Tata Hexa review

Have Tata Motors finally hit the nail on the head?

What is it?
Successor to the one that shall not be mentioned and competitor to the other than will also not be mentioned. Both these names were conspicuous by their absence at the Hexa media briefing but nevertheless we shall go ahead and mention them.
The first is the Aria. Surprisingly Tata Motors would rather that you didn’t remember their first stab at the MPV segment but haven’t Maruti and Hyundai also made duds? The thing to remember about the Aria is that it was an innovative alternative to the Innova, a cross between a people-moving MPV and a mud-plugging SUV, and Tata Motors only need to address the obvious shortcomings of the Aria to make a real success of the Hexa.
The second is the Innova, and for obvious reasons. It has been so far ahead of the game that Toyota could price it at whatever they feel like and yet couldn’t make enough of them. Notice the past tense. We’re talking Innova here, not the new Innova Crysta that has gone up in pricing and vacated a space that’s ripe for the picking. Doesn’t that present a golden opportunity for Tata Motors?
Under the skin the Hexa is based on the Aria and the key dimensions – wheelbase, length, width, even weight – are more or less similar. But it looks all-new thanks to a complete overhaul of the styling.
Under Pratap Bose, Tata Motors’ international team of stylists (TML has studios in Pune, Turin and Coventry) have infused real style, and consequently desirability, into the Tata range and the Hexa is a looker. Where the Innova is plane-jane, the Crysta over-the-top with its gaping grille, and XUV now quite commonplace thanks to its success, the Hexa is inarguably good-looking – butch, macho and muscular without resorting to overwrought and frivolous detailing. There are no gaping wheel-arch gaps, always a Tata bugbear until the Tiago wiped the slate clean.
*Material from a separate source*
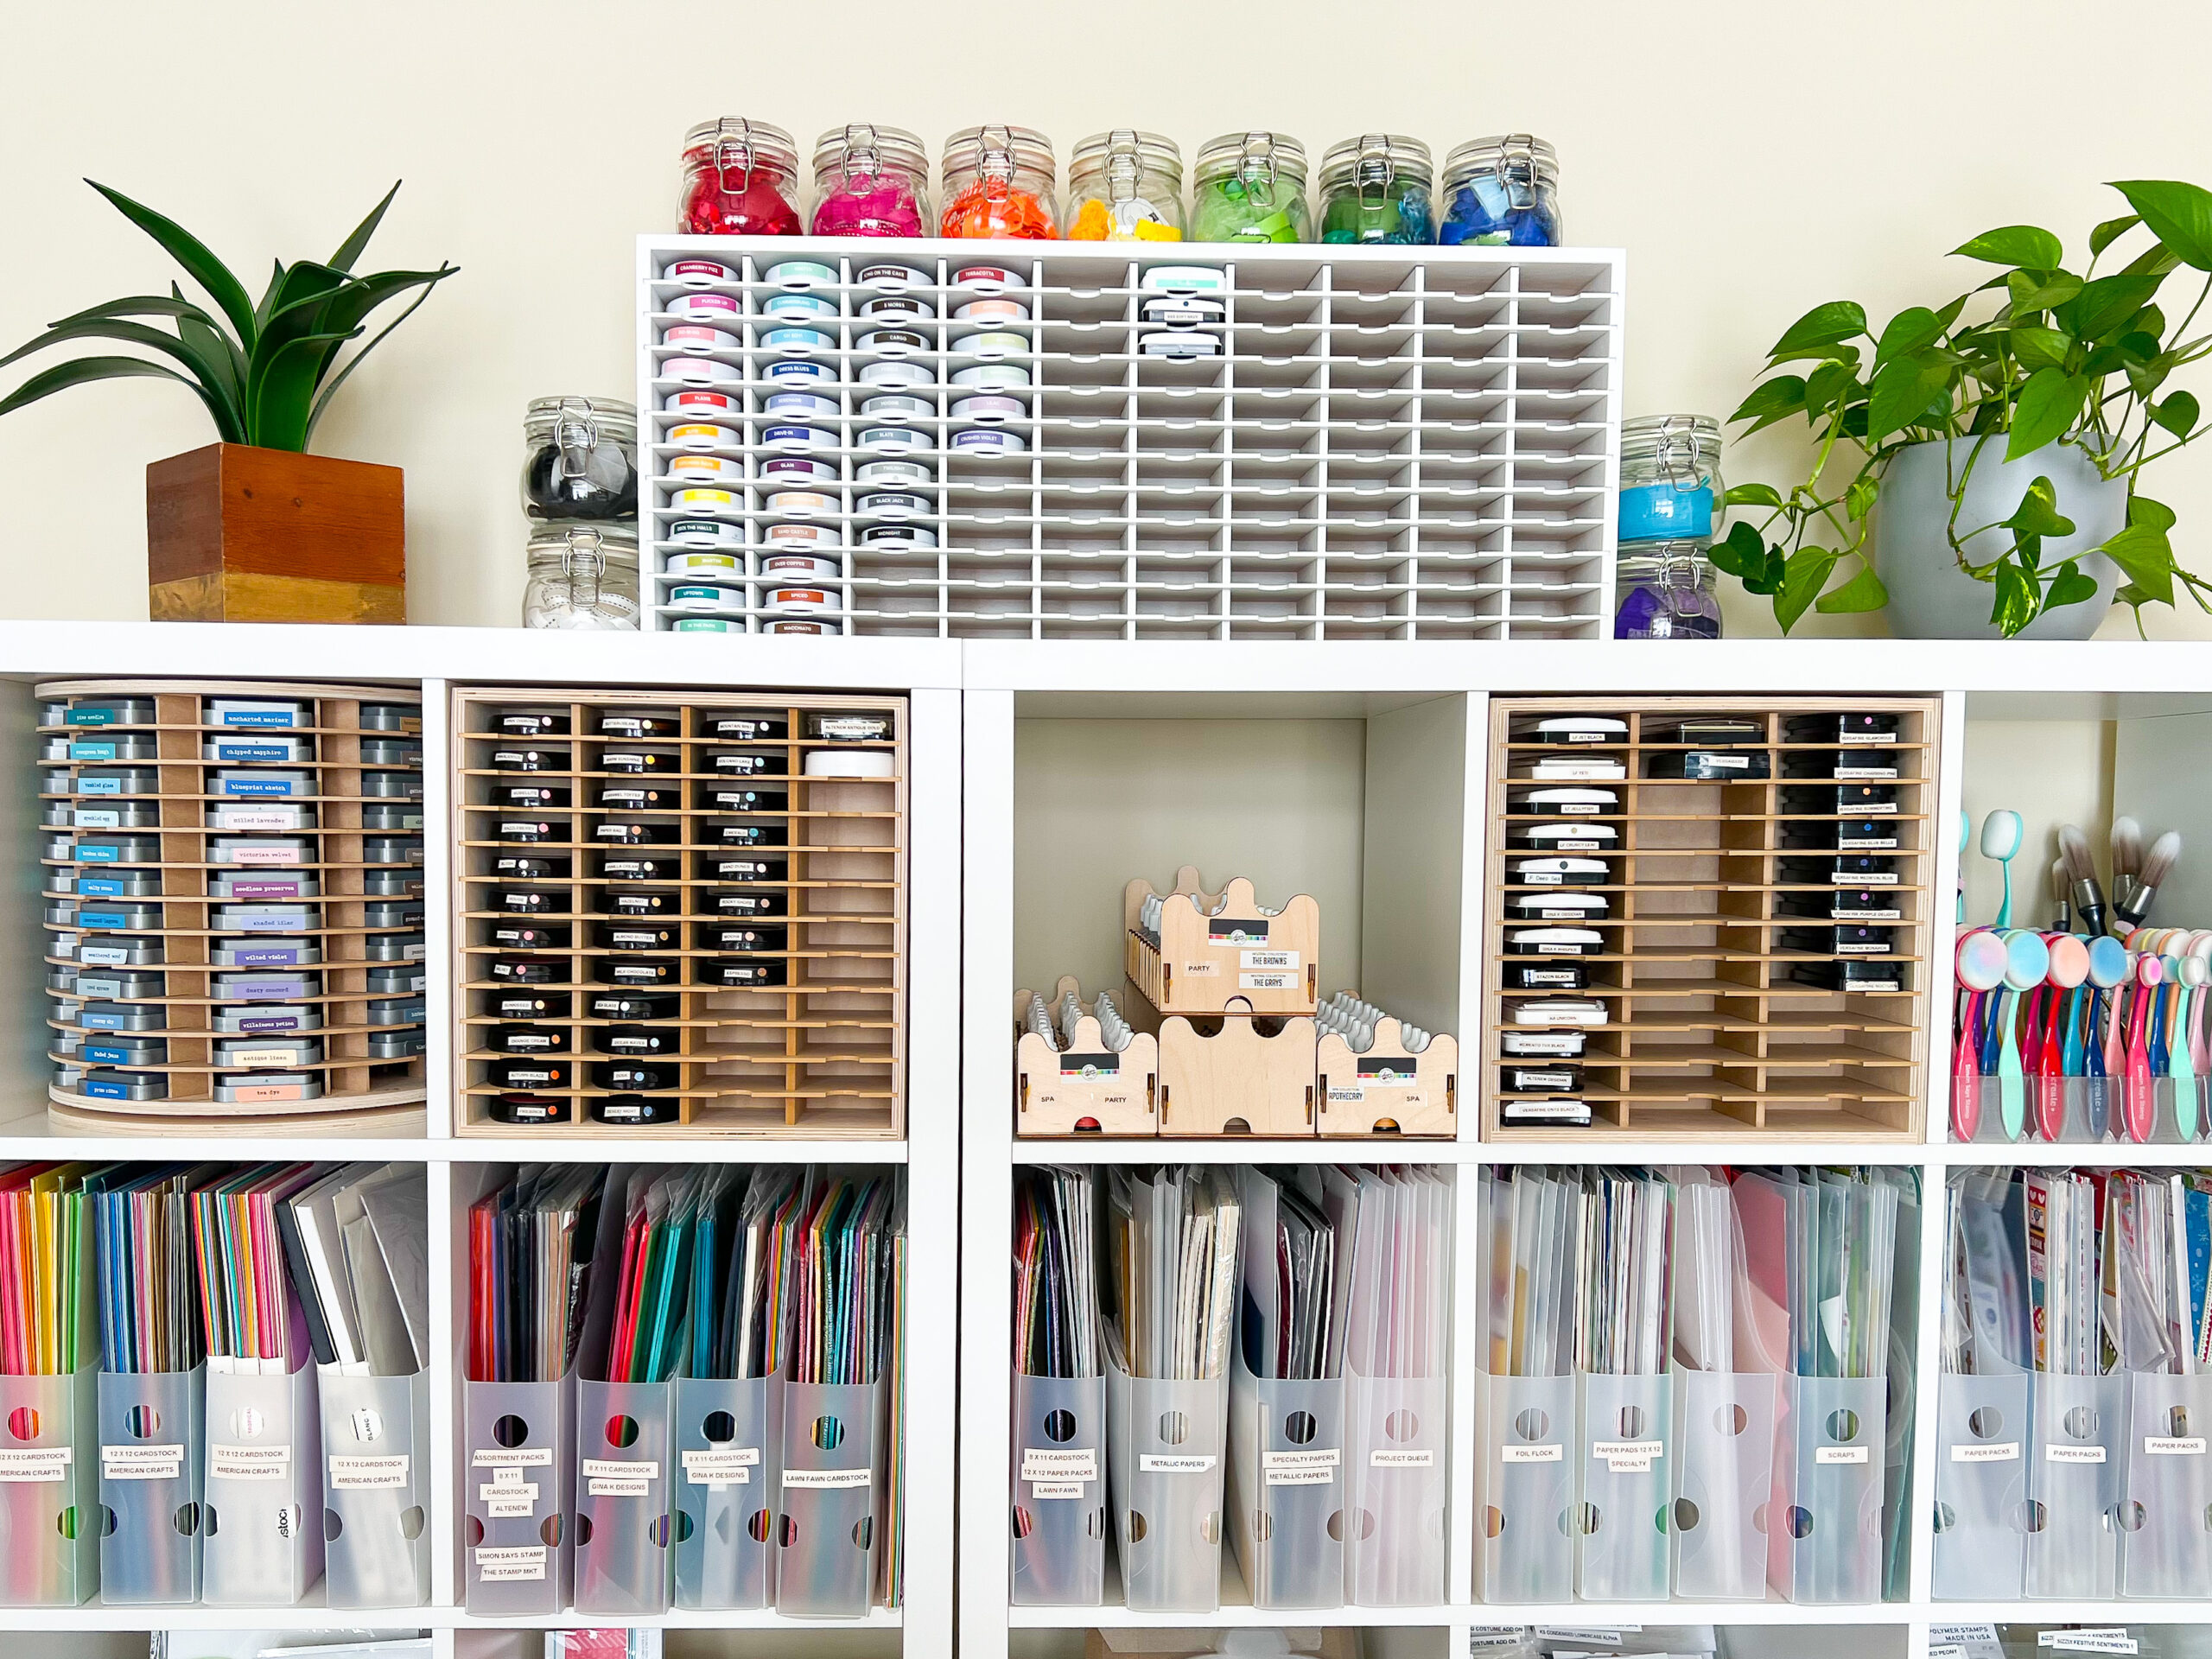 This $20 Ink Pad Storage Is AWESOME! - Craft Room Organization

The ‘humanity line’ on the grille has become bolder and more aggressive. And the detailing is very neatly done – an example being the curved LED tail lights imported from South Korea as TML couldn’t find an Indian vendor who could deliver the required quality.
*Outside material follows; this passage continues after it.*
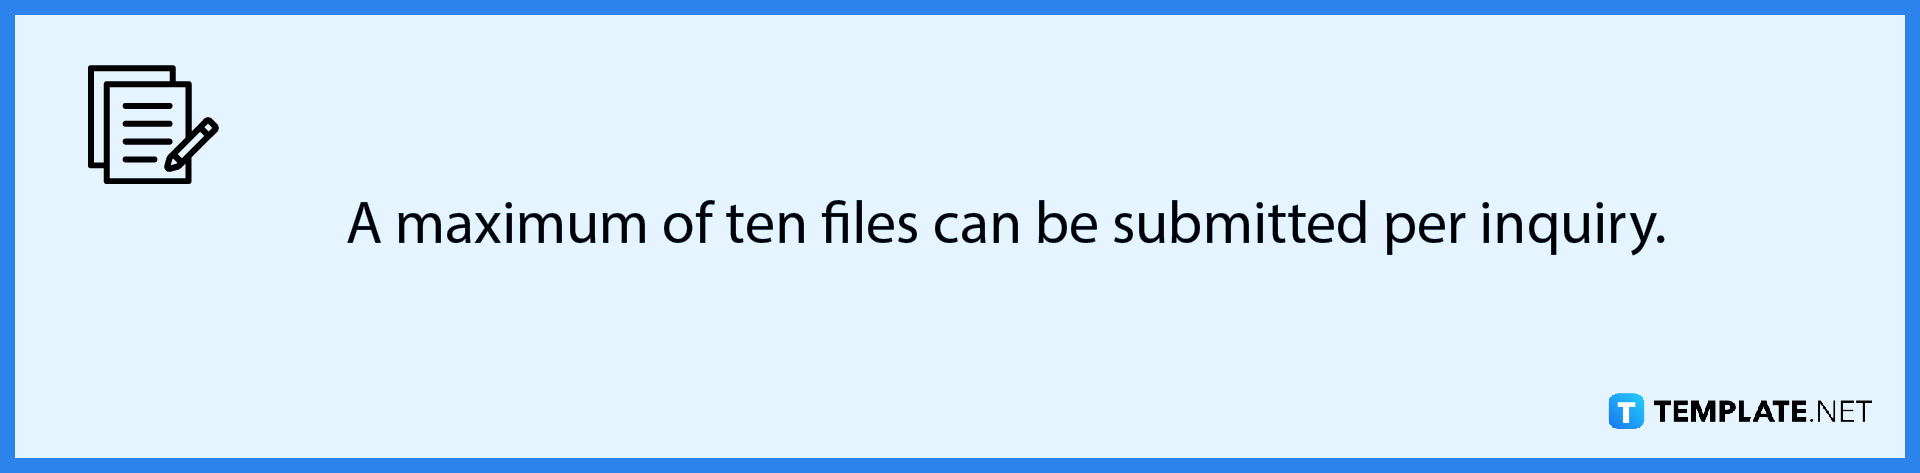 how-to-upload-files-upload-option-using-microsoft-forms-note-3

To keep in with the MPV/SUV crossover positioning the face is bold with a deep airdam and silver-finished skid plates on the front and rear bumper while all across the bottom portion of the Hexa is black plastic cladding that is now very neatly integrated with no disturbing gaps. Filling those wheel arches are massive 19-inch wheels shod with 235/55 tyres. The pillars are blacked out to give it a floating-roof impression while the shoulder line is interrupted by a neat chrome kink on the C-pillar.